◆ Task brief: The copy has to match the data exactly and leave out every picture.

◆ Dataset excerpt:
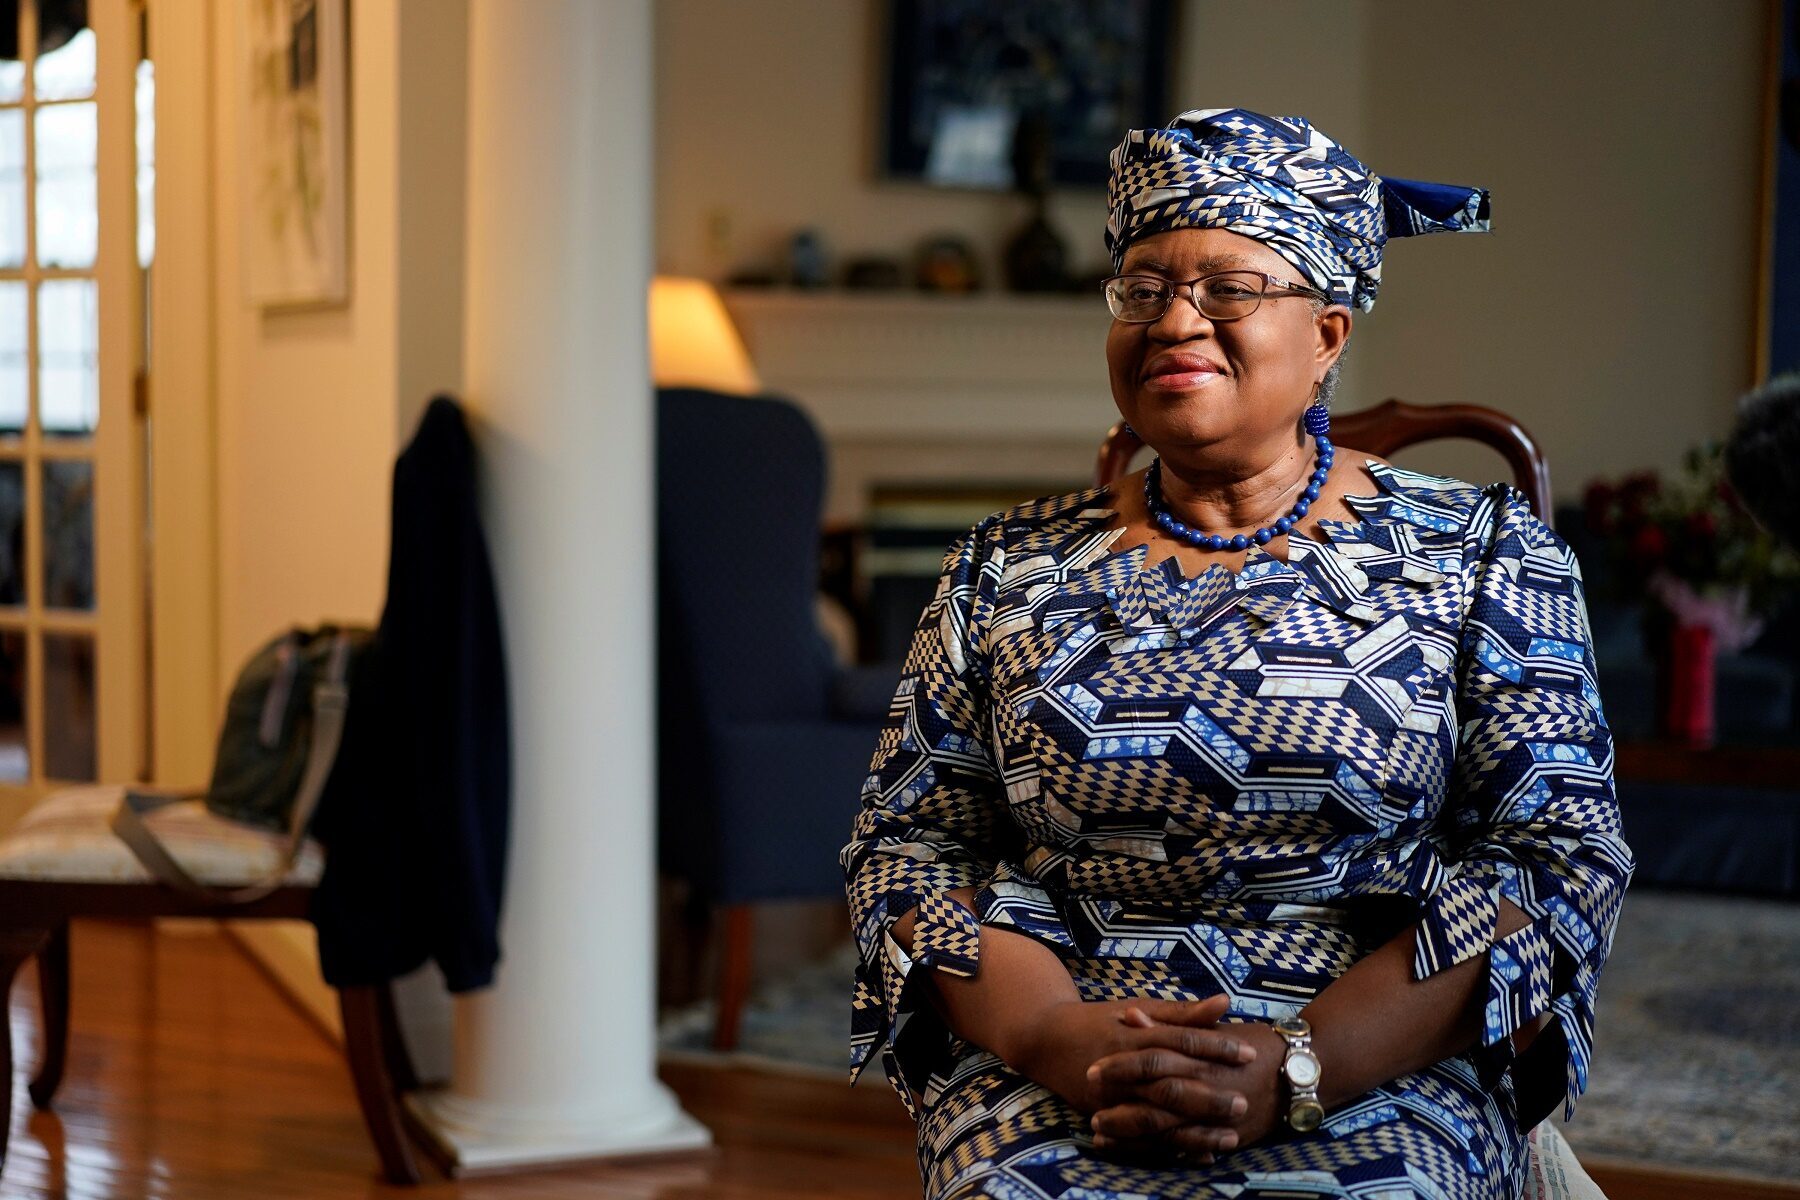 Tổng giám đốc WTO Ngozi Okonjo-Iweala trả lời báo chí hôm 15/2/2021. Ảnh: Reuters
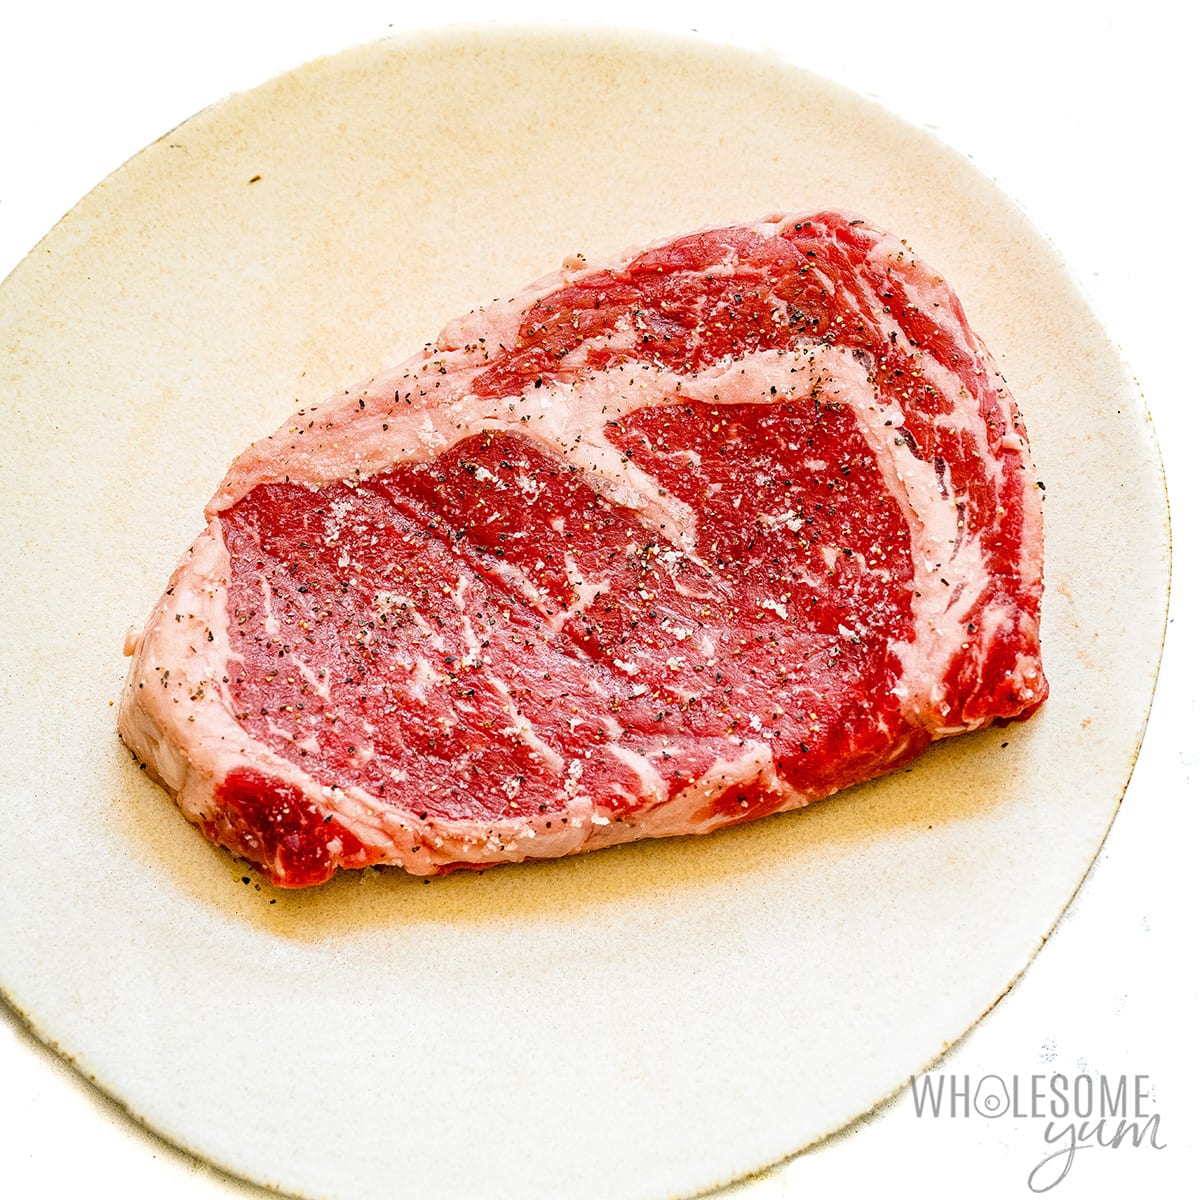 Raw seasoned steak on a plate.
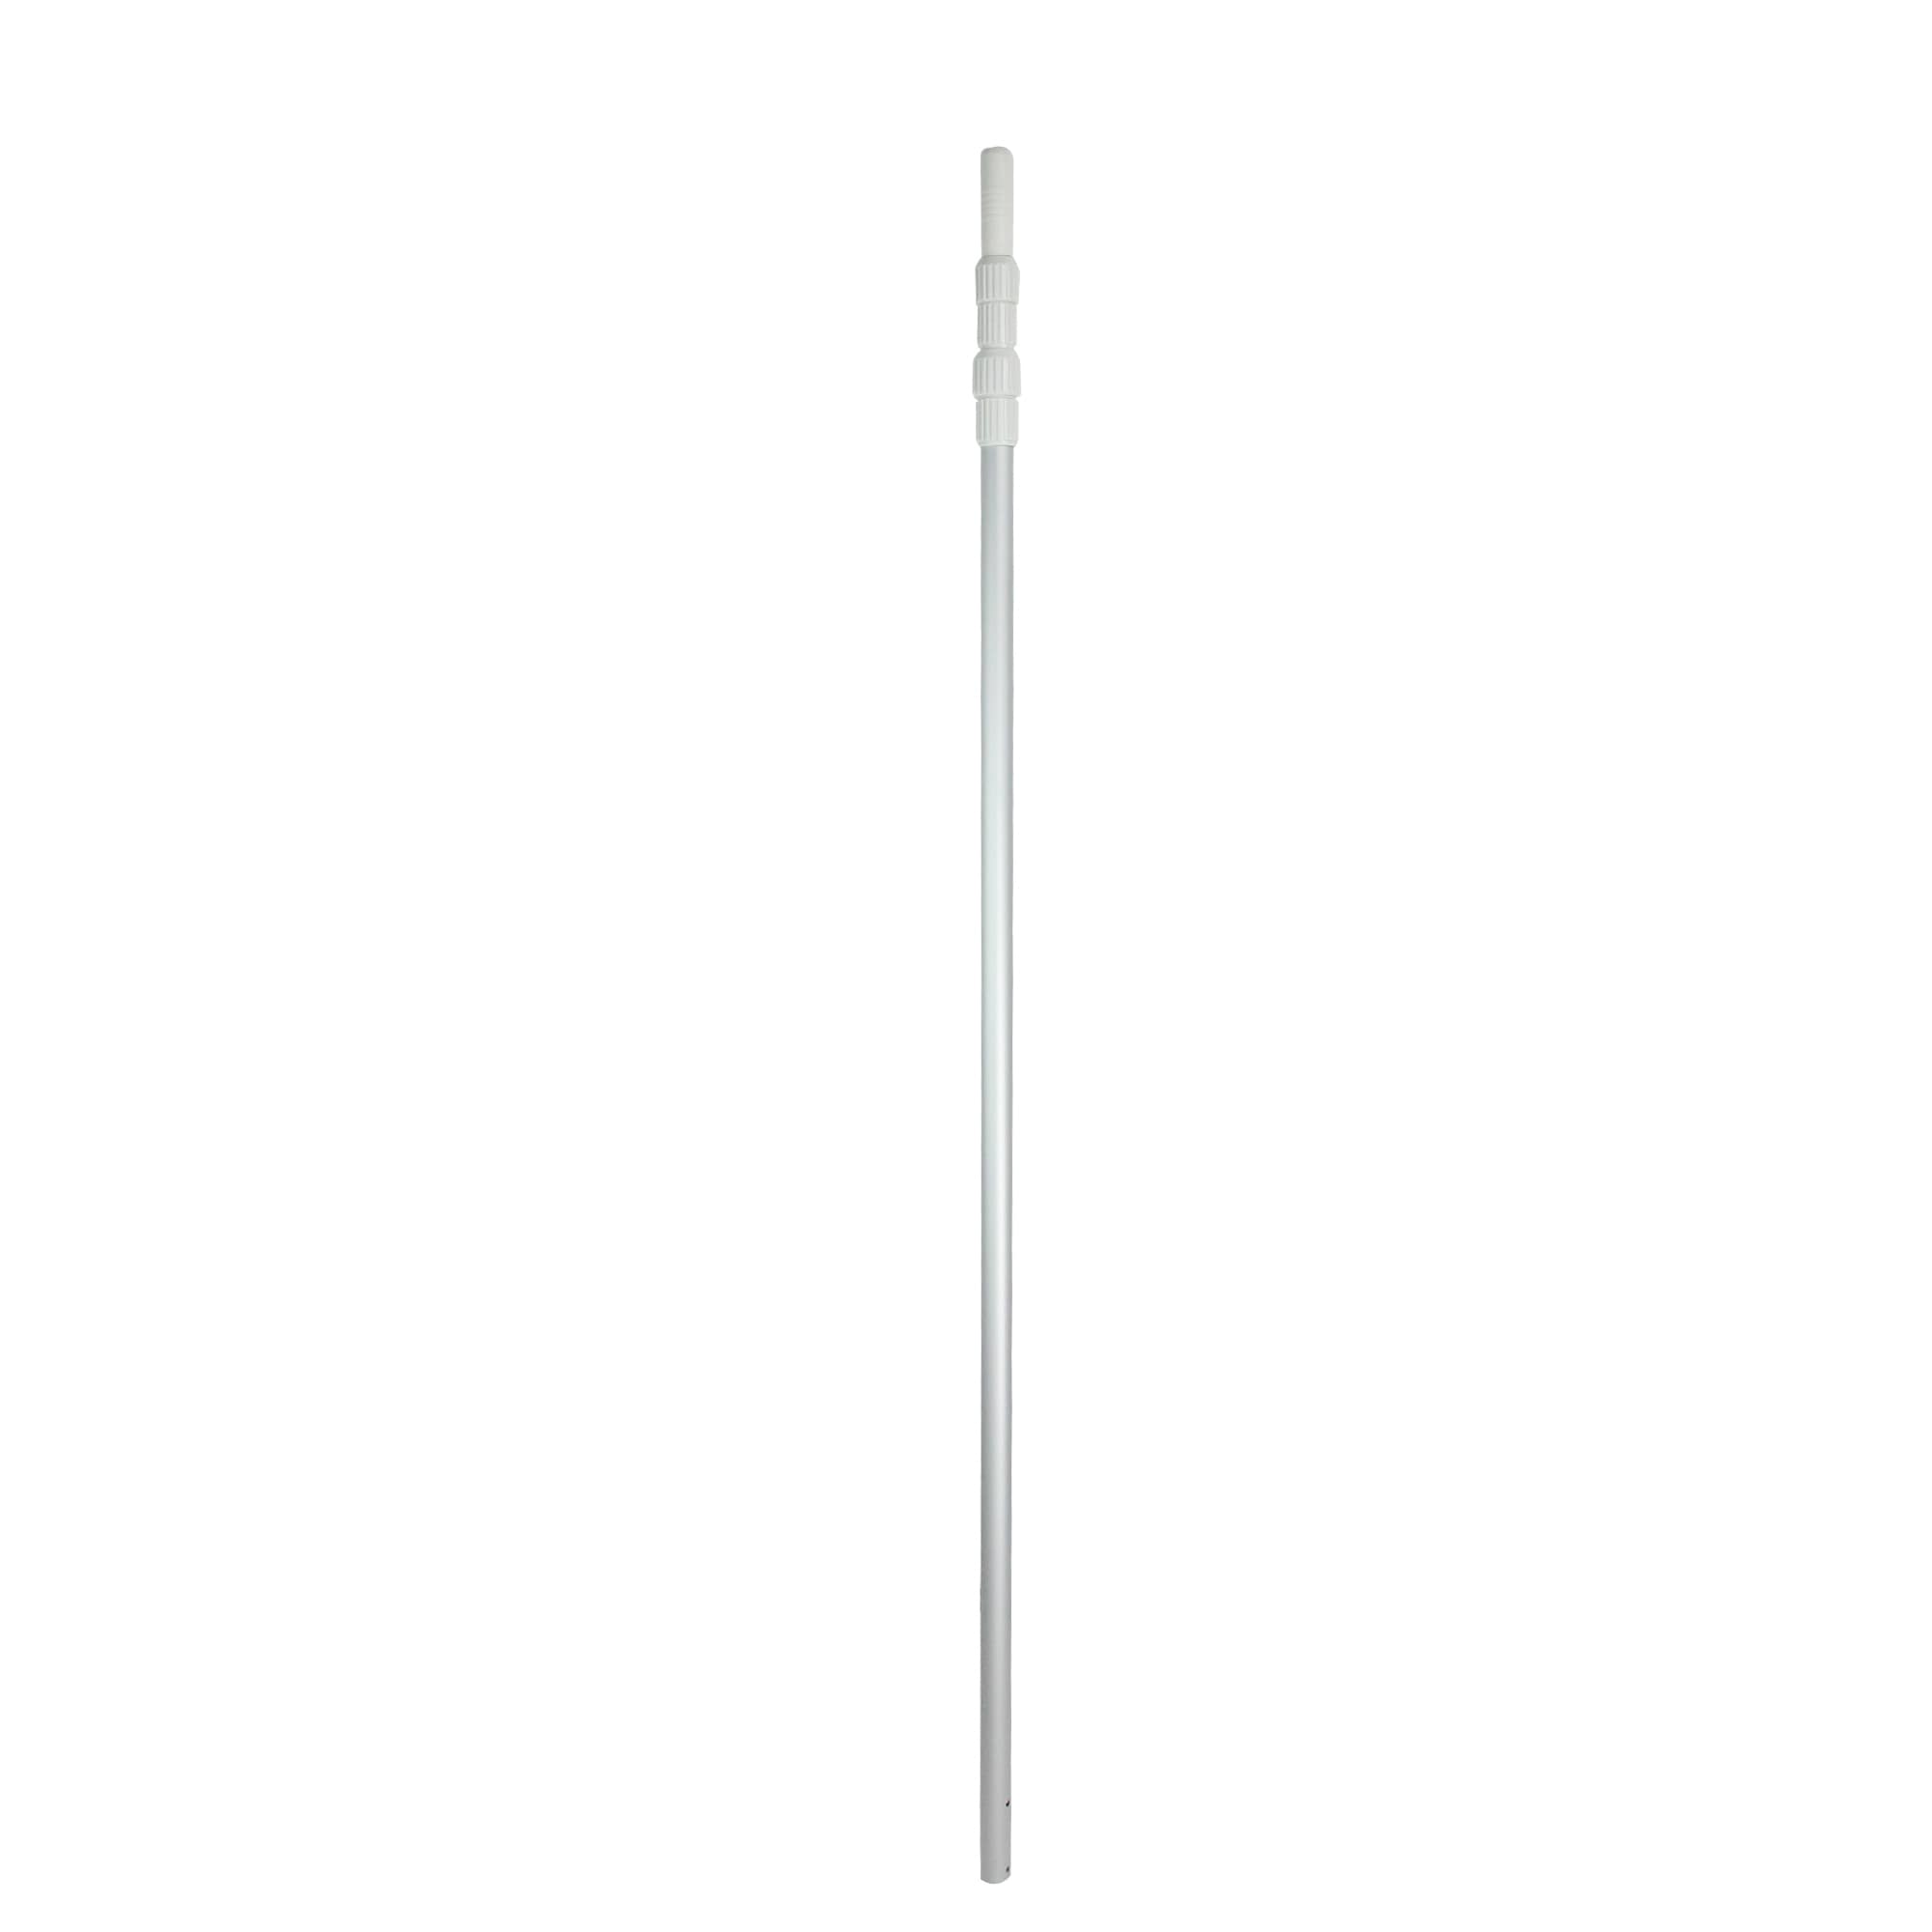 ELODEA Pro Series 3-Piece Telescopic Pool Pole, Aluminum, 5-15
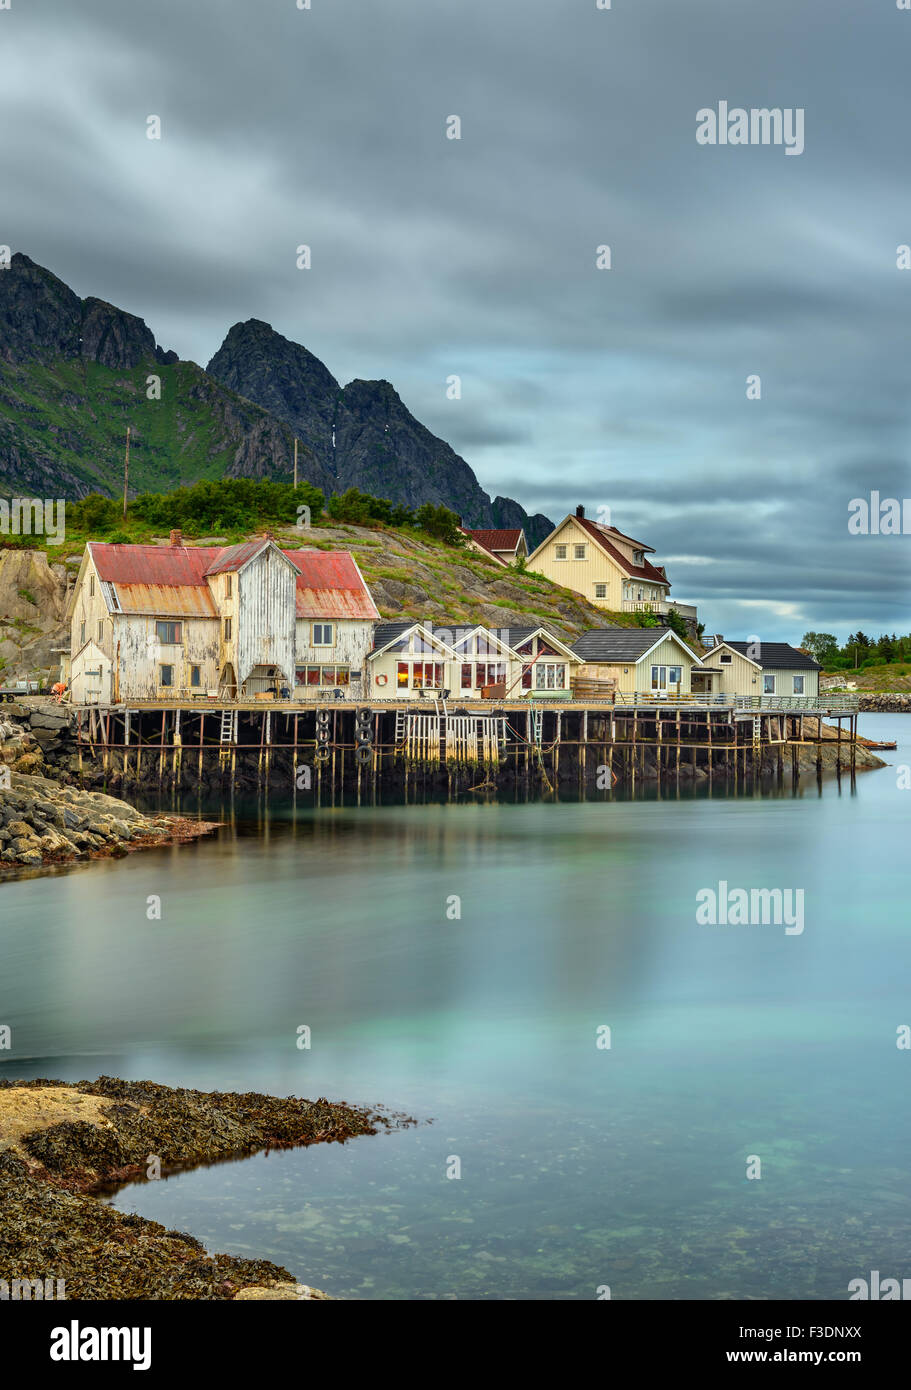 Henningsvær, village de pêcheurs situé sur plusieurs petites îles dans l'archipel des Lofoten, Norvège. Longue exposition. Banque D'Images

◆ Response for this exercise:
 Tổng giám đốc WTO Ngozi Okonjo-Iweala trả lời báo chí hôm 15/2/2021. Ảnh: Reuters
 Raw seasoned steak on a plate.
 ELODEA Pro Series 3-Piece Telescopic Pool Pole, Aluminum, 5-15
 Henningsvær, village de pêcheurs situé sur plusieurs petites îles dans l'archipel des Lofoten, Norvège. Longue exposition. Banque D'Images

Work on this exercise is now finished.